- Information -
-------------------------

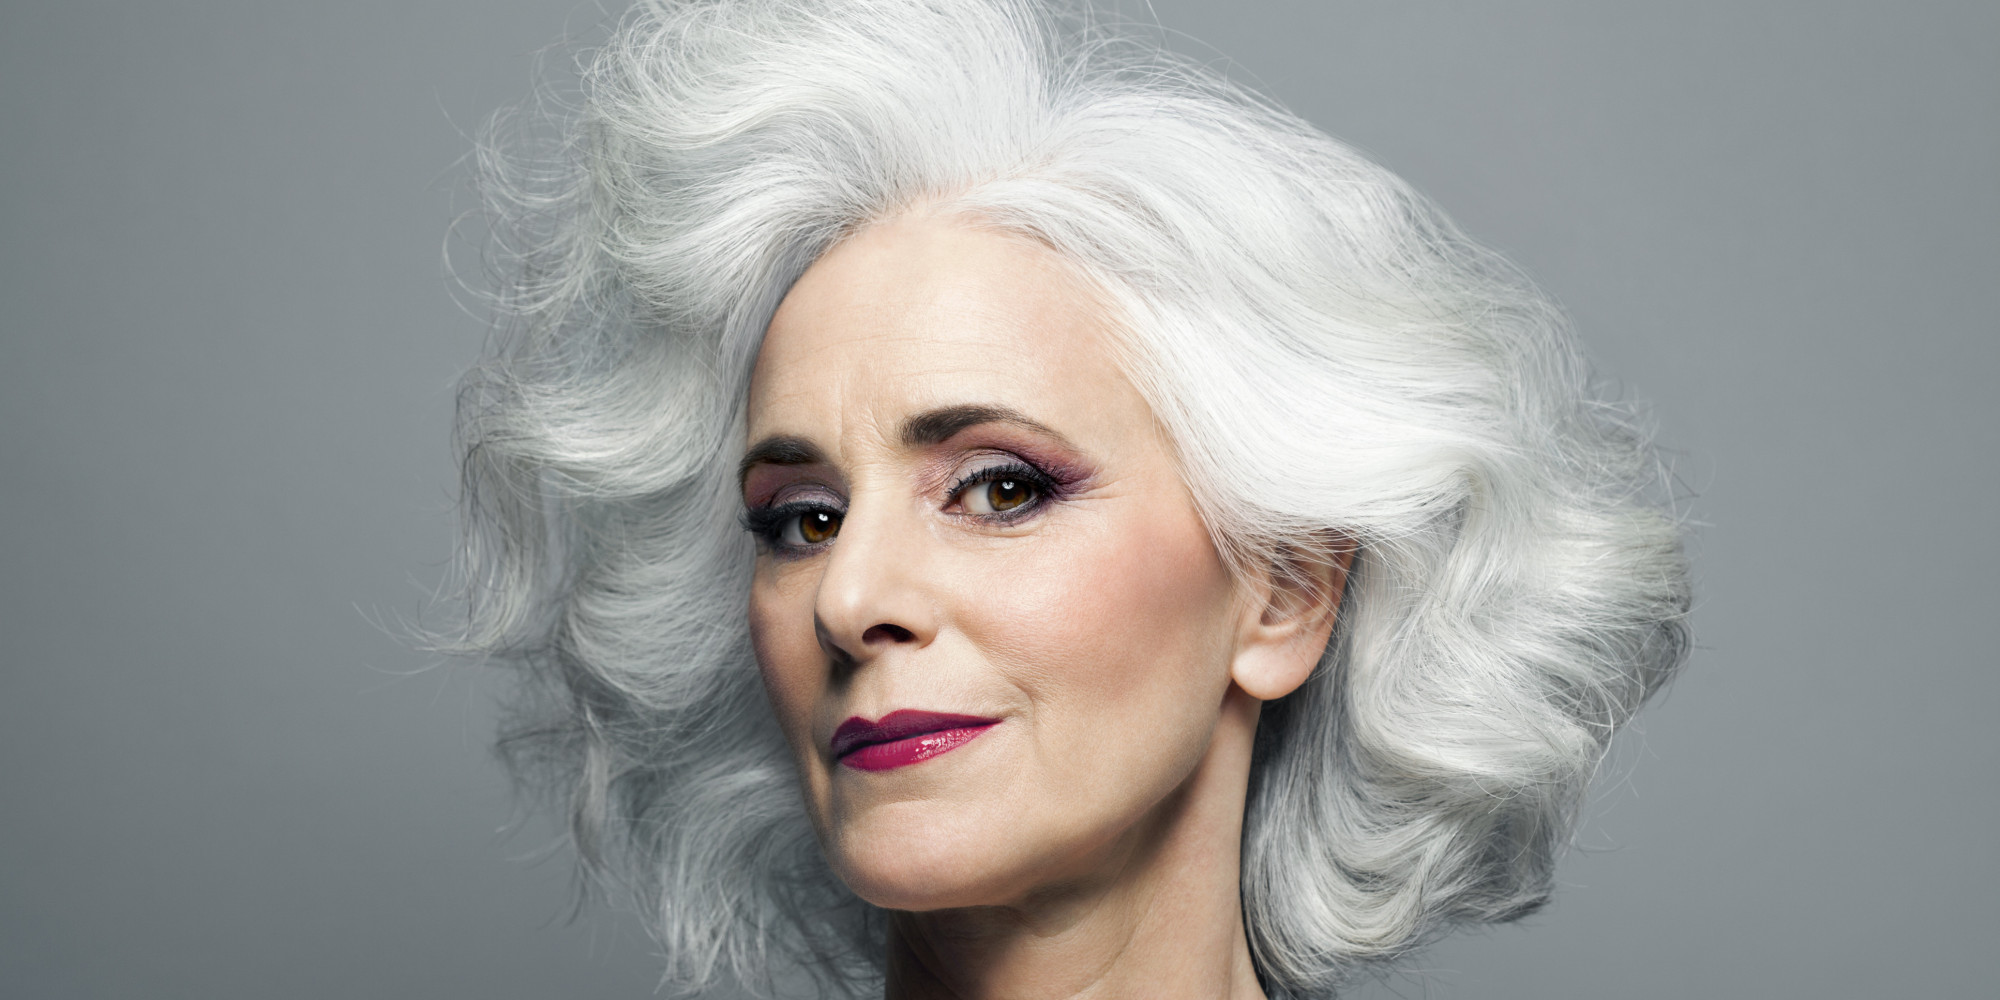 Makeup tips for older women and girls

-------------------------

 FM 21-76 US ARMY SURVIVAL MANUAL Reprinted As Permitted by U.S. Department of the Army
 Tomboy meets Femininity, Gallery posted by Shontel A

-------------------------

- Task -
Your reply is to repeat, unchanged, the lines above running from the one with "FM 21-76 US" up to and including the one with "Tomboy meets Femininity, Gallery".

- Solution -
 FM 21-76 US ARMY SURVIVAL MANUAL Reprinted As Permitted by U.S. Department of the Army
 Tomboy meets Femininity, Gallery posted by Shontel A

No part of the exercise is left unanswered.